Continuous-Time Homeostatic Dynamics for Reentrant Inference Models
This work addresses the challenge of stability in self-referential neural systems for researchers in computational neuroscience and machine learning, though it appears incremental as it builds on existing reentry models.
The paper tackled the problem of achieving stable, bounded computation in reentrant neural networks by formulating a continuous-time homeostatic dynamics model, which revealed a reflective regime enabling stable oscillatory trajectories without divergence or collapse.

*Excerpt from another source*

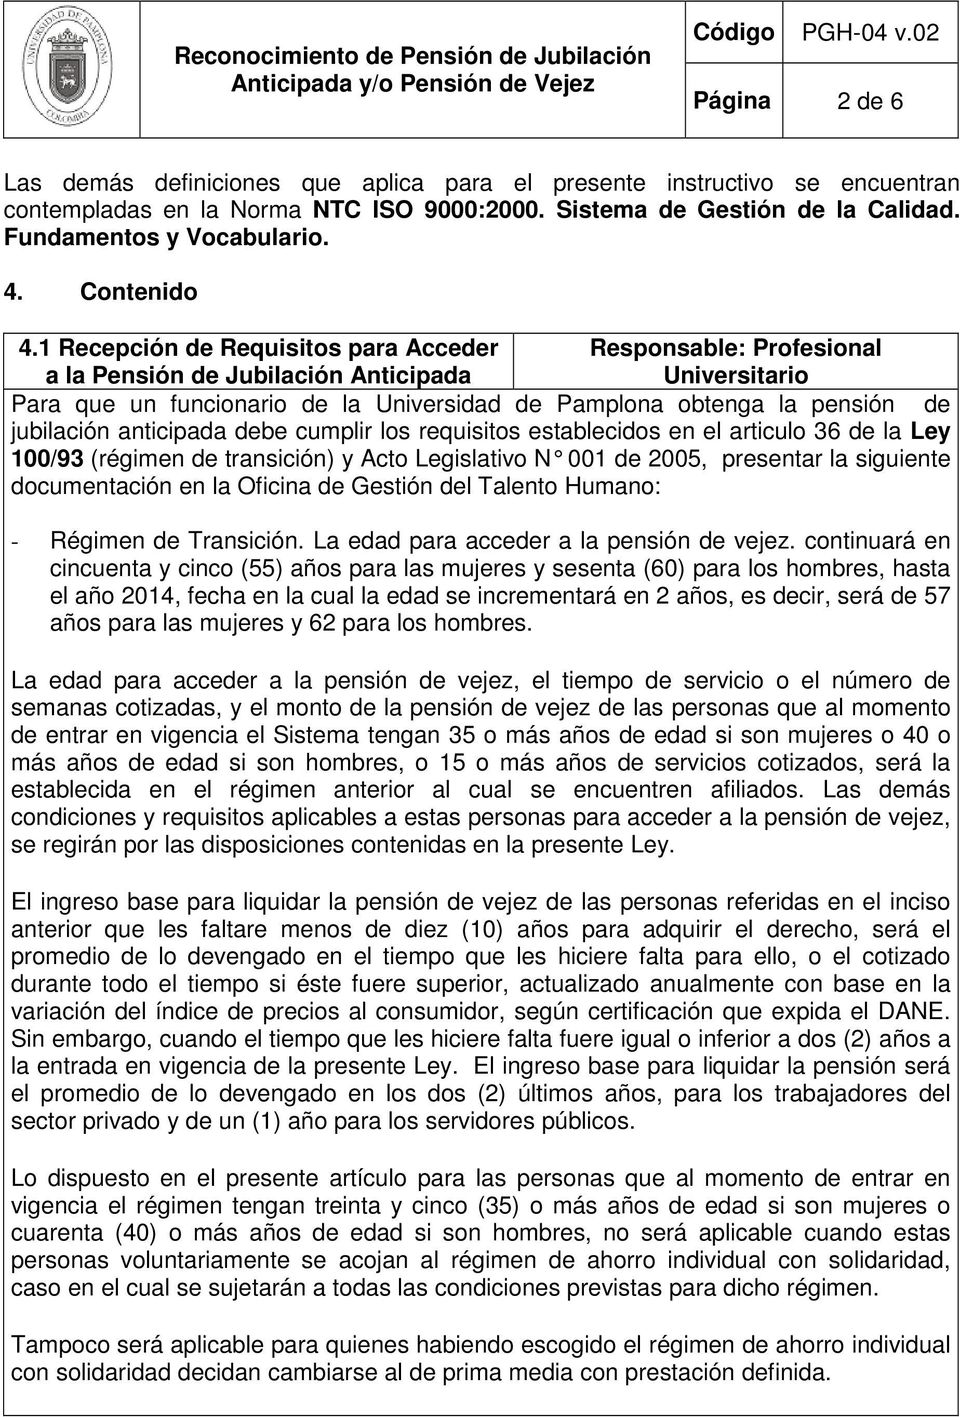 1 Recepción de Requisitos para Acceder Responsable: Profesional a la Pensión de Jubilación Anticipada Universitario Para que un funcionario de la Universidad de Pamplona obtenga la pensión de

We formulate the Fast-Weights Homeostatic Reentry Network (FHRN) as a continuous-time neural-ODE system, revealing its role as a norm-regulated reentrant dynamical process. Starting from the discrete reentry rule $x_t = x_t^{(\mathrm{ex})} + γ\, W_r\, g(\|y_{t-1}\|)\, y_{t-1}$, we derive the coupled system $\dot{y}=-y+f(W_ry;\,x,\,A)+g_{\mathrm{h}}(y)$ showing that the network couples fast associative memory with global radial homeostasis. The dynamics admit bounded attractors governed by an energy functional, yielding a ring-like manifold. A Jacobian spectral analysis identifies a \emph{reflective regime} in which reentry induces stable oscillatory trajectories rather than divergence or collapse. Unlike continuous-time recurrent neural networks or liquid neural networks, FHRN achieves stability through population-level gain modulation rather than fixed recurrence or neuron-local time adaptation. These results establish the reentry network as a distinct class of self-referential neural dynamics supporting recursive yet bounded computation.